··· Recorded data

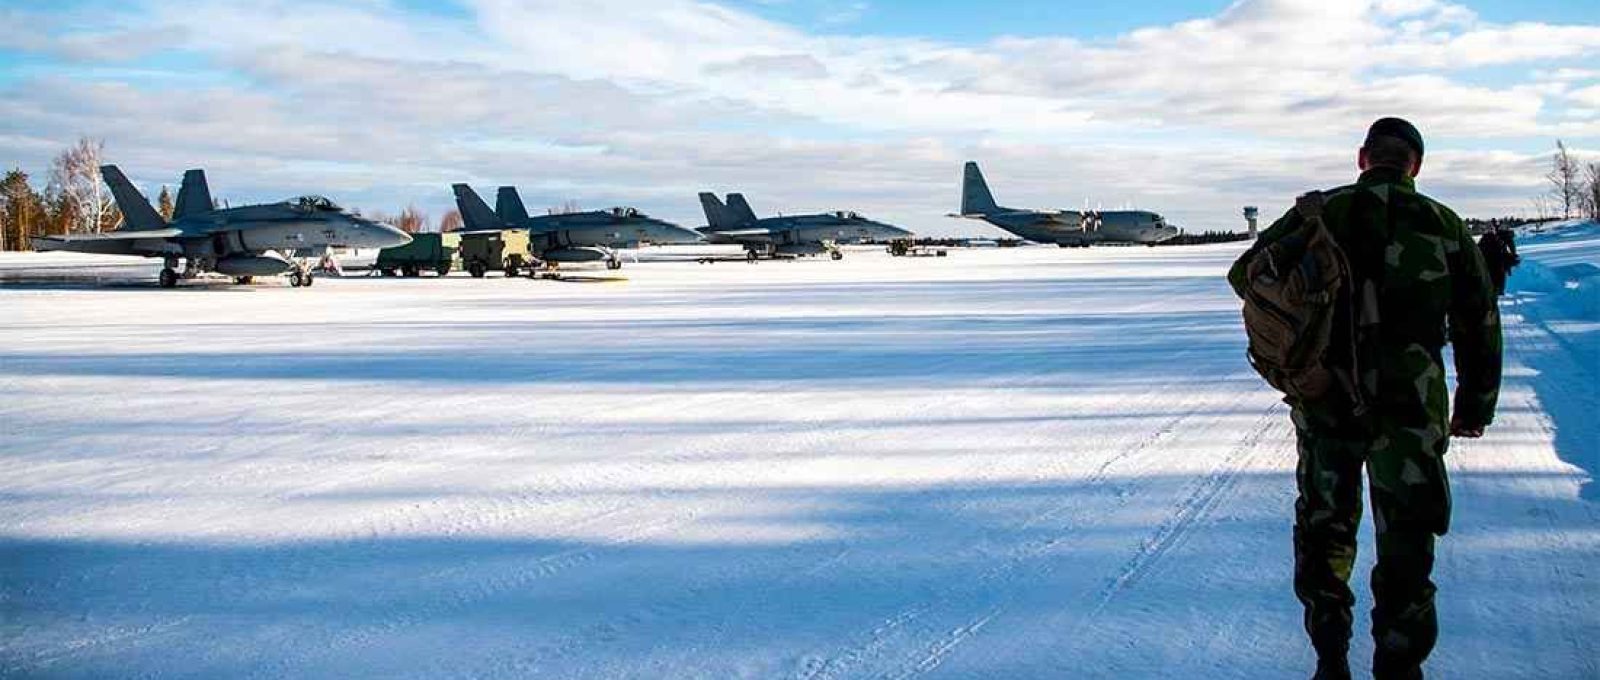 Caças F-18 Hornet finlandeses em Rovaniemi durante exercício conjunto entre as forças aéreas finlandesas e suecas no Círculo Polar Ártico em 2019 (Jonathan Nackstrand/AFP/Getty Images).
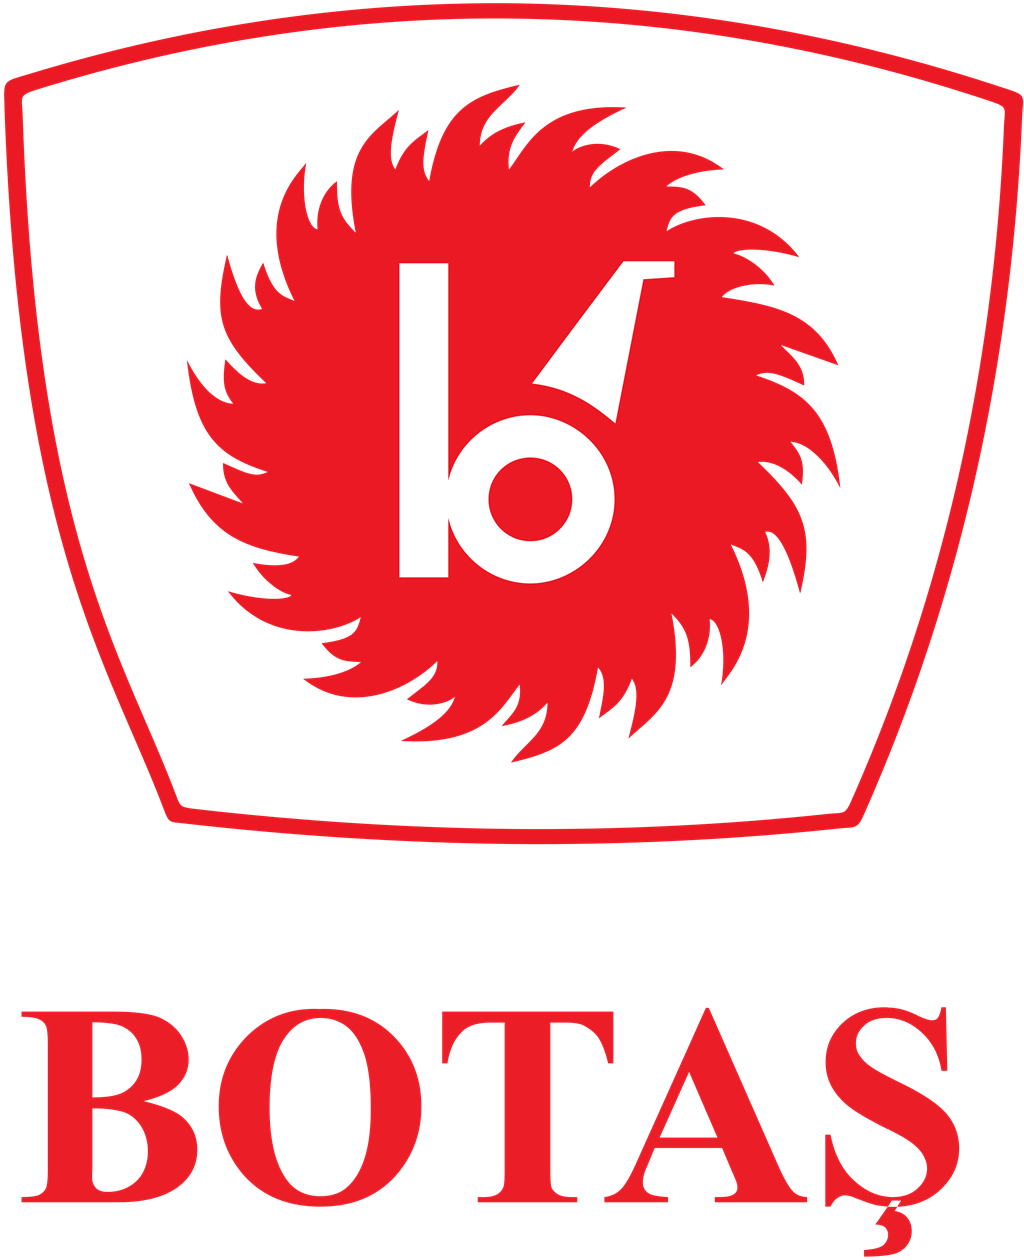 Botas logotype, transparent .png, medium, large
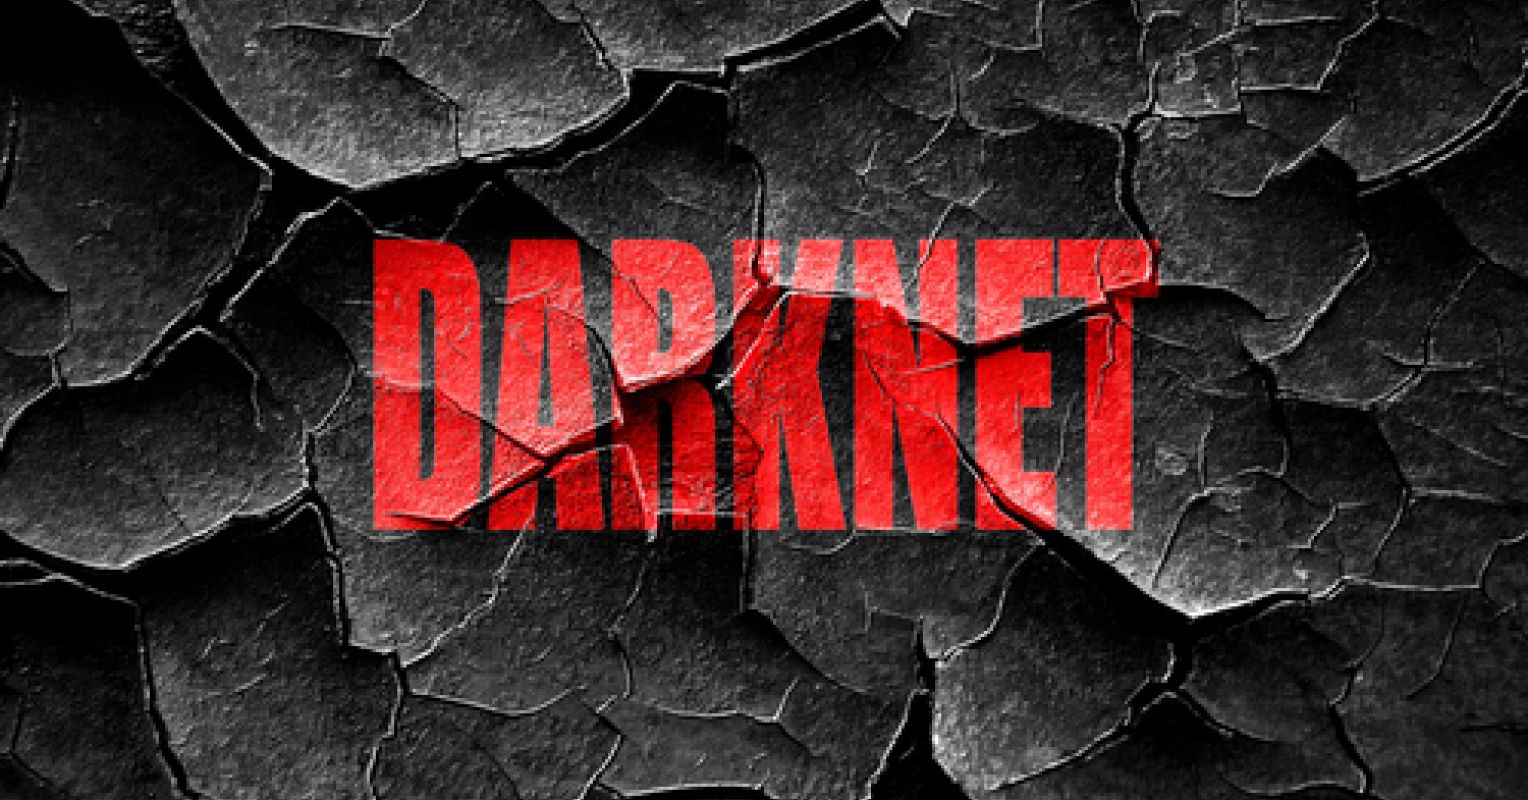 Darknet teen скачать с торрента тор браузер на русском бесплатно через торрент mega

······

● **What is needed**
Reproduce verbatim every line starting at the line that holds "Botas logotype, transparent" and ending with the final line of the data; omit the pictures.

● **Answer to this exercise**
 Botas logotype, transparent .png, medium, large
 Darknet teen скачать с торрента тор браузер на русском бесплатно через торрент mega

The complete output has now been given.